Alors que l’écorce sera brûlée à des fins énergétiques, la fibre sera transformée en broyat sous la forme de granules ou de plaquettes. Ces granules pourront ensuite remplacer le mazout dans des procédés industriels, ou être pyrolysées, c’est-à-dire brûlées à haute température sans oxygène. Ce bois pyrolysé, appelé biocharbon ou biochar, sert entre autres de fertilisant agricole et d’activateur à la séquestration de carbone dans les sols.
CharTech Solutions, une entreprise ontarienne qui produit du biochar, souhaite aussi s’implanter à Saint-Félicien. Elle y produirait également du gaz naturel renouvelable (GNR) — de l’hydrogène vert — qui serait intégré dans le réseau d’Énergir, explique le président de Char Technologies, Andrew White.

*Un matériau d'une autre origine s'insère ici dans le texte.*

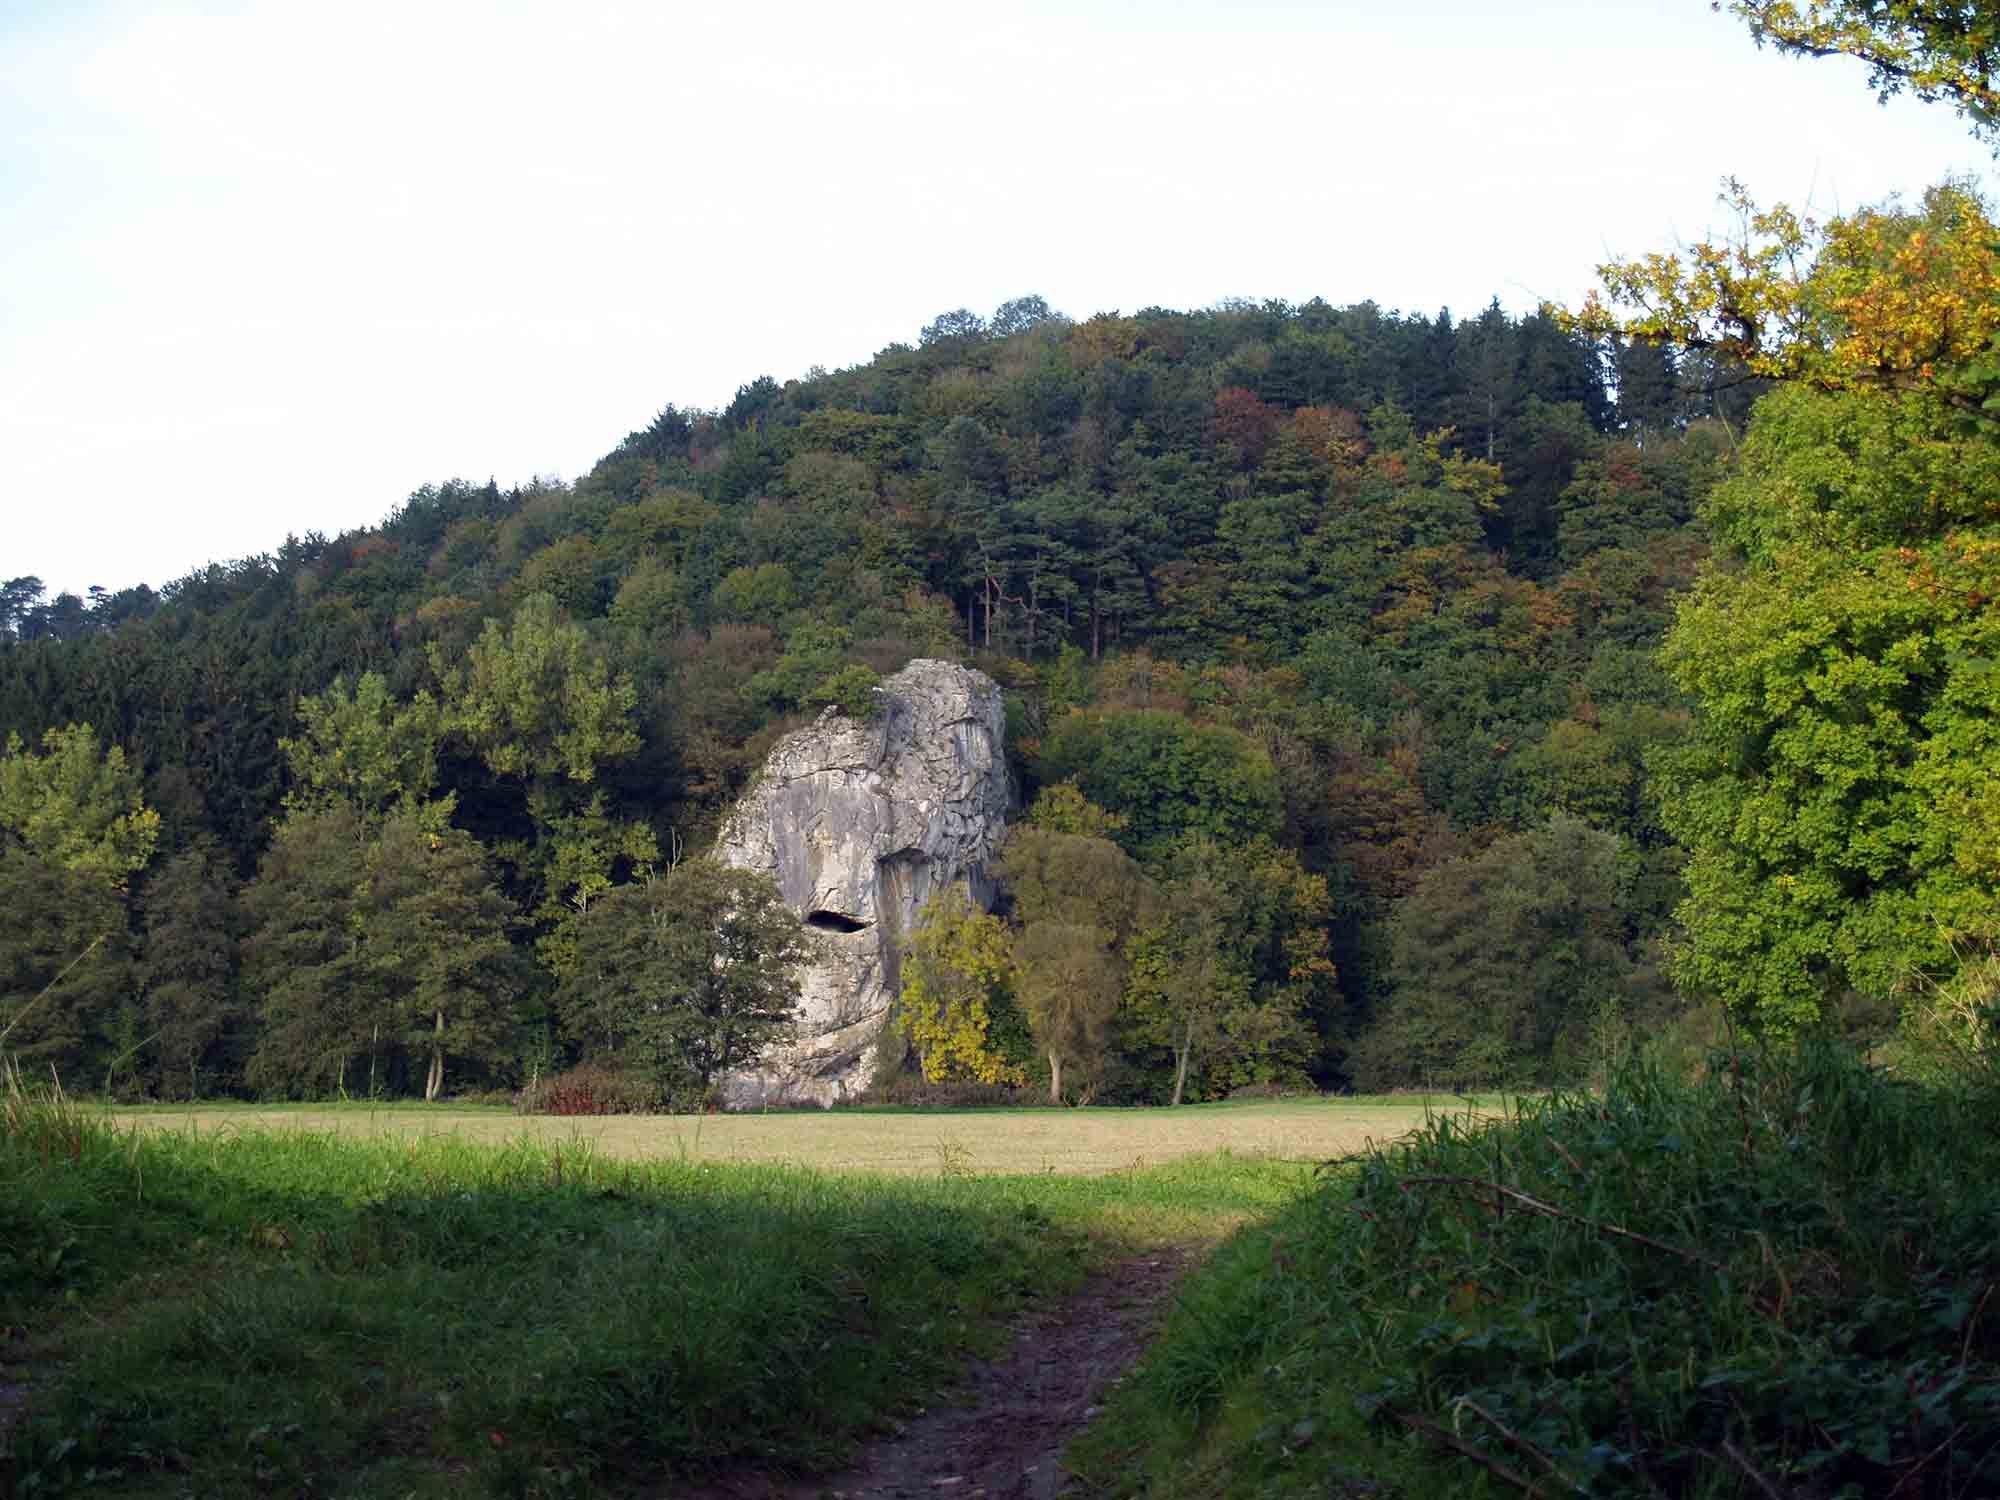 ardenne residences durbuy region landscapes bomal sur ourthe roches aux corneilles

« Le réseau de chaleur est un modèle particulier et innovateur qui permet d’intégrer un réseau de chaleur, un centre de valorisation de la biomasse et d’autres entreprises pour créer de la valeur avec des rejets thermiques, résume Dino Mili, gestionnaire d’actifs pour Greenleaf Power. On met en action l’économie circulaire. »
Un peu de vocabulaire
Une symbiose industrielle est un réseau d’au moins deux entreprises ou collectivités qui mutualisent leurs ressources matérielles et immatérielles. Par exemple, le résidu d’une entreprise devient une matière première de l’autre. Ou des entreprises partagent des services. D’innombrables déclinaisons sont possibles.

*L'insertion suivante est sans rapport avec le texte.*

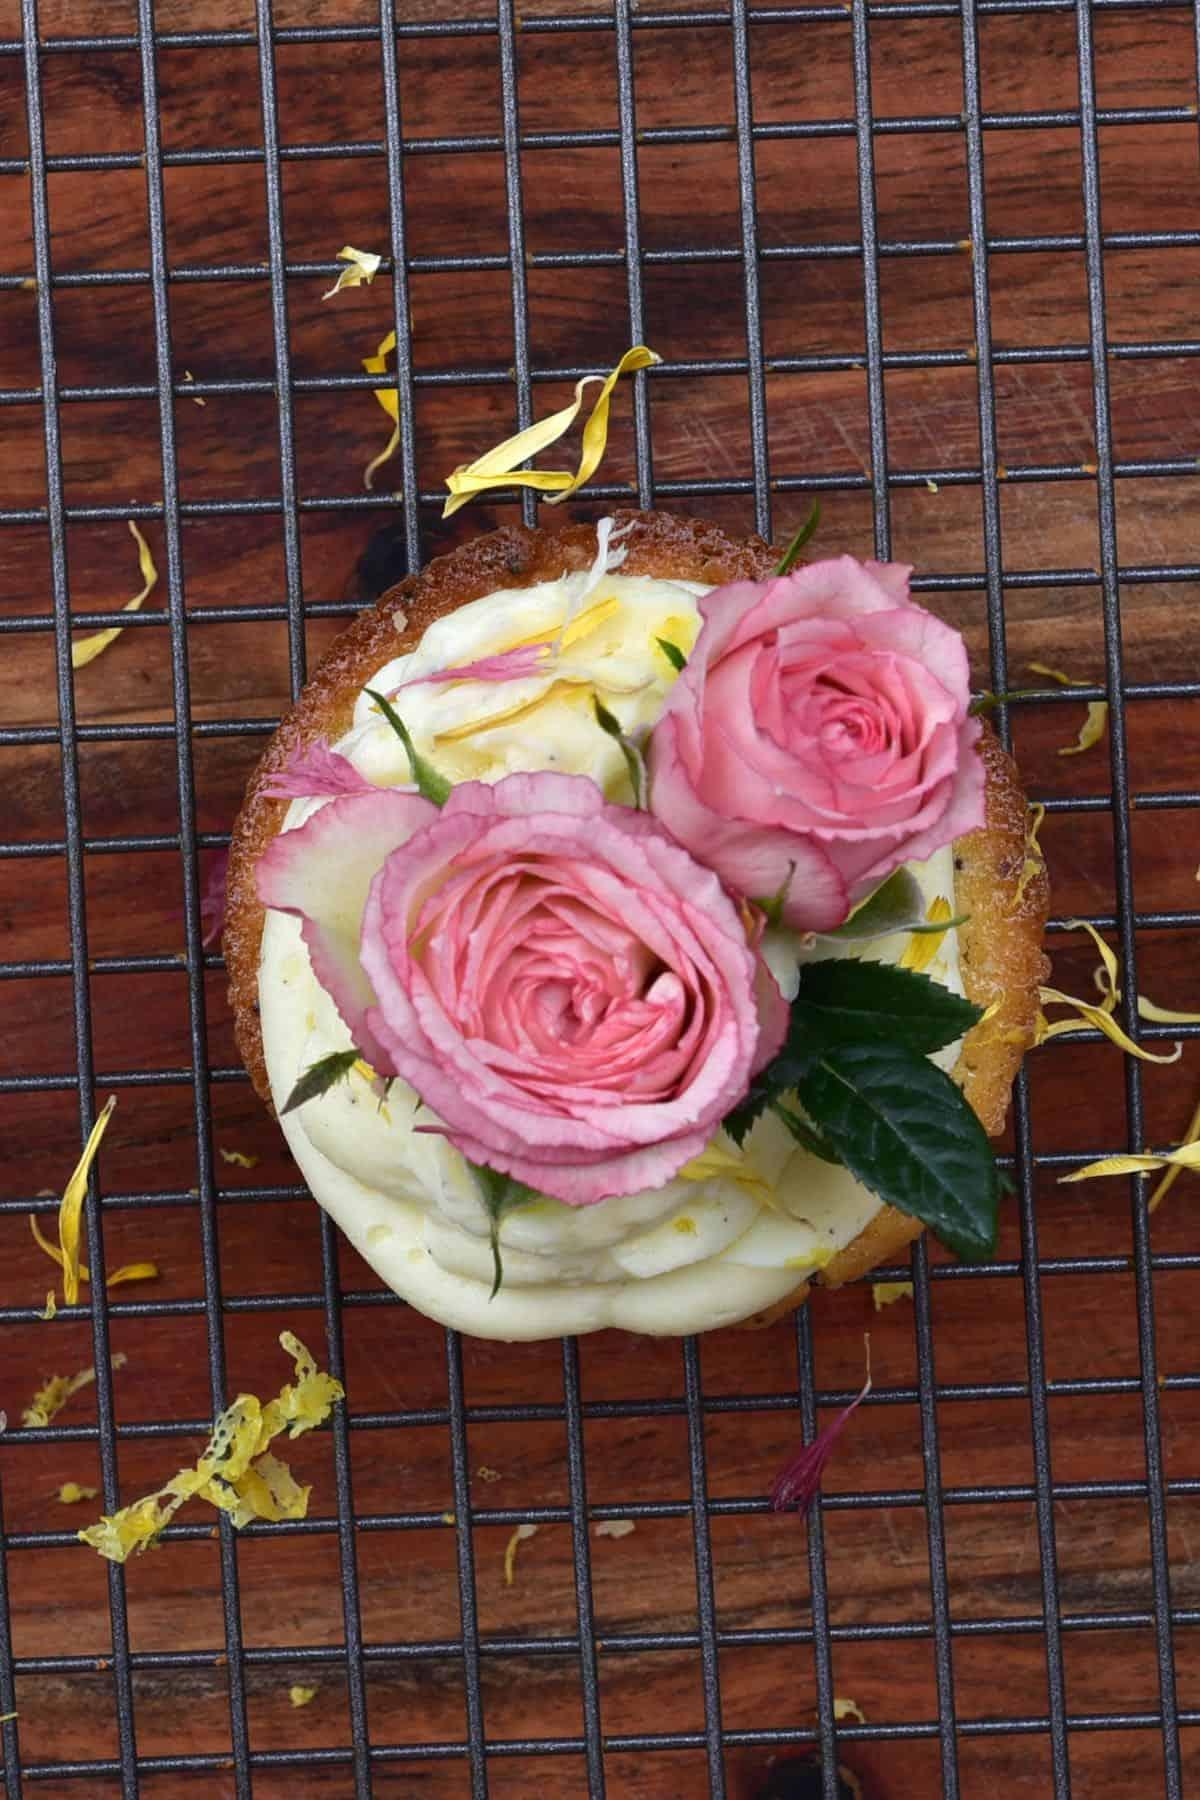 Top view of lemon cupcake with roses

Source : Québec Circulaire
La bioéconomie englobe tous les secteurs et systèmes reposant sur des ressources biologiques (animaux, plantes, microorganismes et biomasse dérivée, y compris les déchets organiques), leurs fonctions et principes. Elle comprend et connecte : les écosystèmes terrestres et marins et les services qu’ils offrent; tous les secteurs de production primaire qui utilisent et produisent des ressources biologiques (agriculture, foresteries, pêches et aquaculture); tous les secteurs économiques et industriels qui utilisent les ressources biologiques et les transforment pour produire de la nourriture humaine et animale, des bioproduits, de l’énergie et des services.